Assigned task:
Quote the lines below from the one containing "Bar à vin taille" to the final line, both ends included; exclude the pictures.

Information supplied:
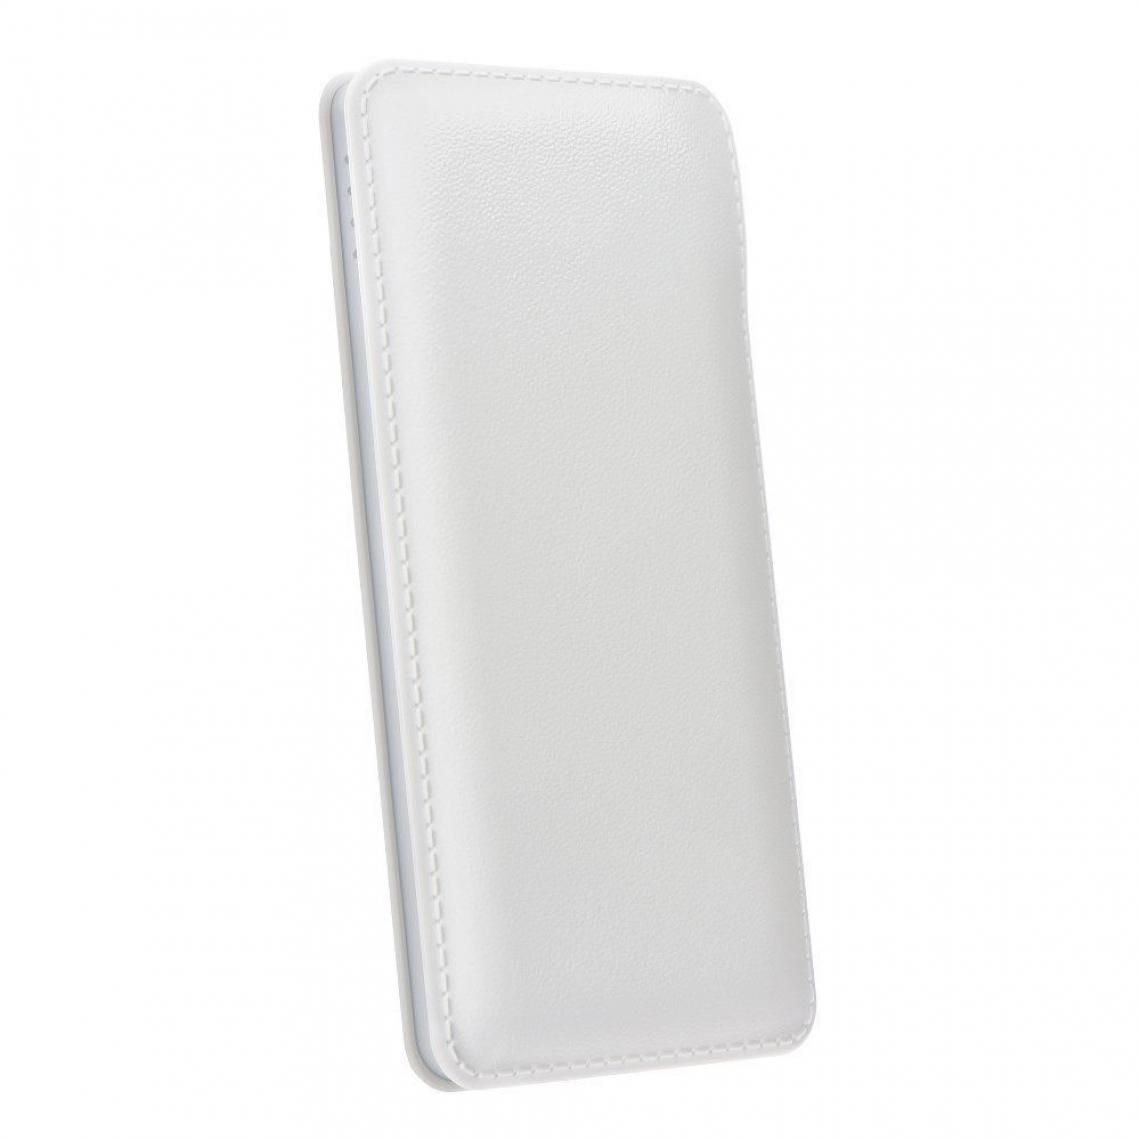 Ozzzo - Chargeur batterie externe 30000 mAh powerbank ozzzo blanc pour Infinix S5 - Autres accessoires smartphone
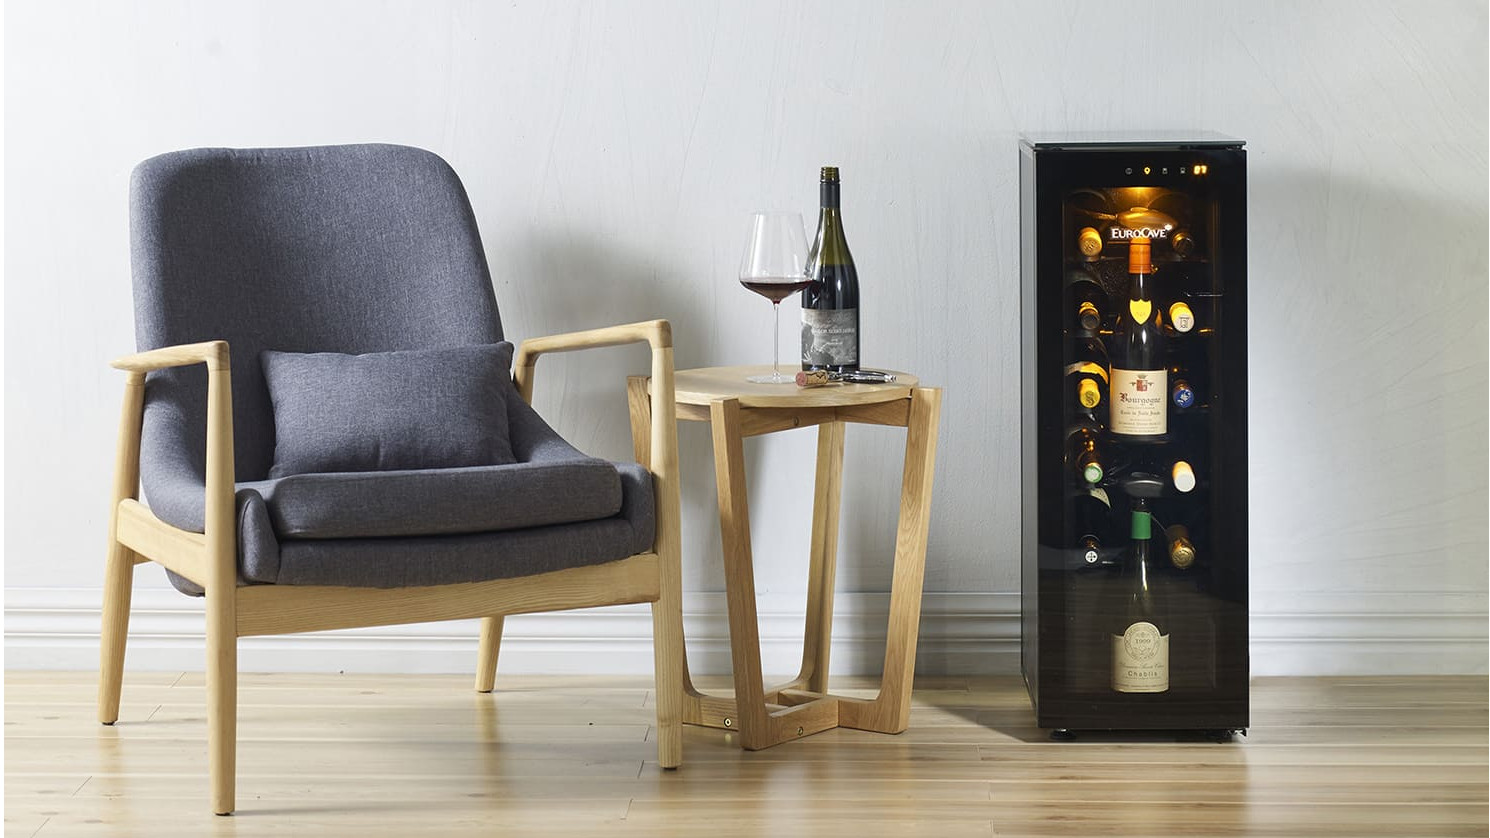 Bar à vin taille mini parfait pour un espace lounge, une salle de dégustation, une suite d'hôtel de luxe. Un équipement indispensable pour une expérience client exceptionnelle.
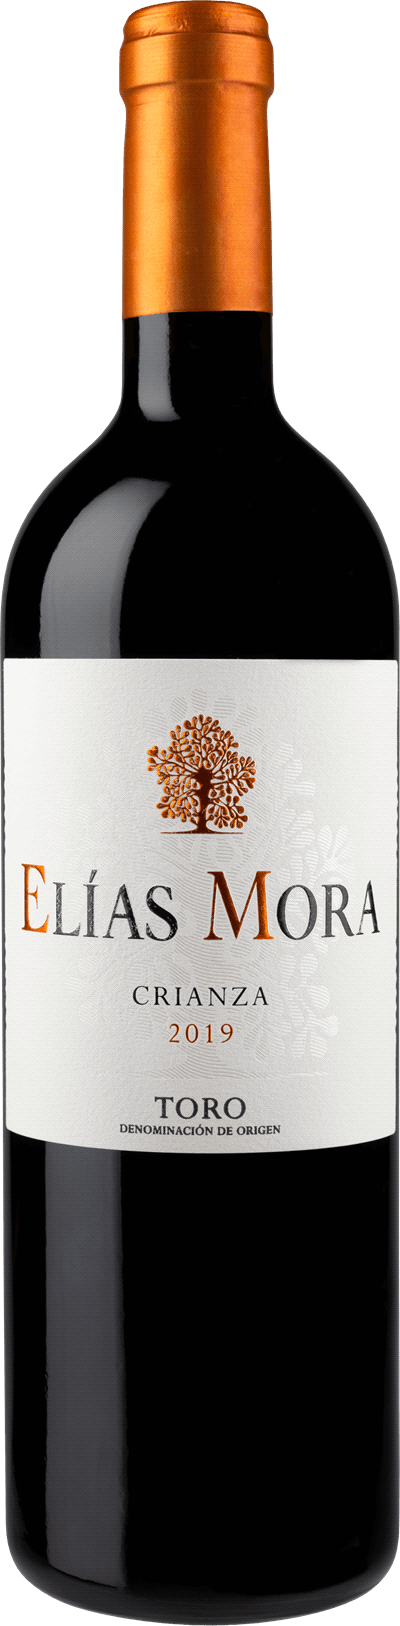 Elias Mora Crianza

Answer area:
 Bar à vin taille mini parfait pour un espace lounge, une salle de dégustation, une suite d'hôtel de luxe. Un équipement indispensable pour une expérience client exceptionnelle.
 Elias Mora Crianza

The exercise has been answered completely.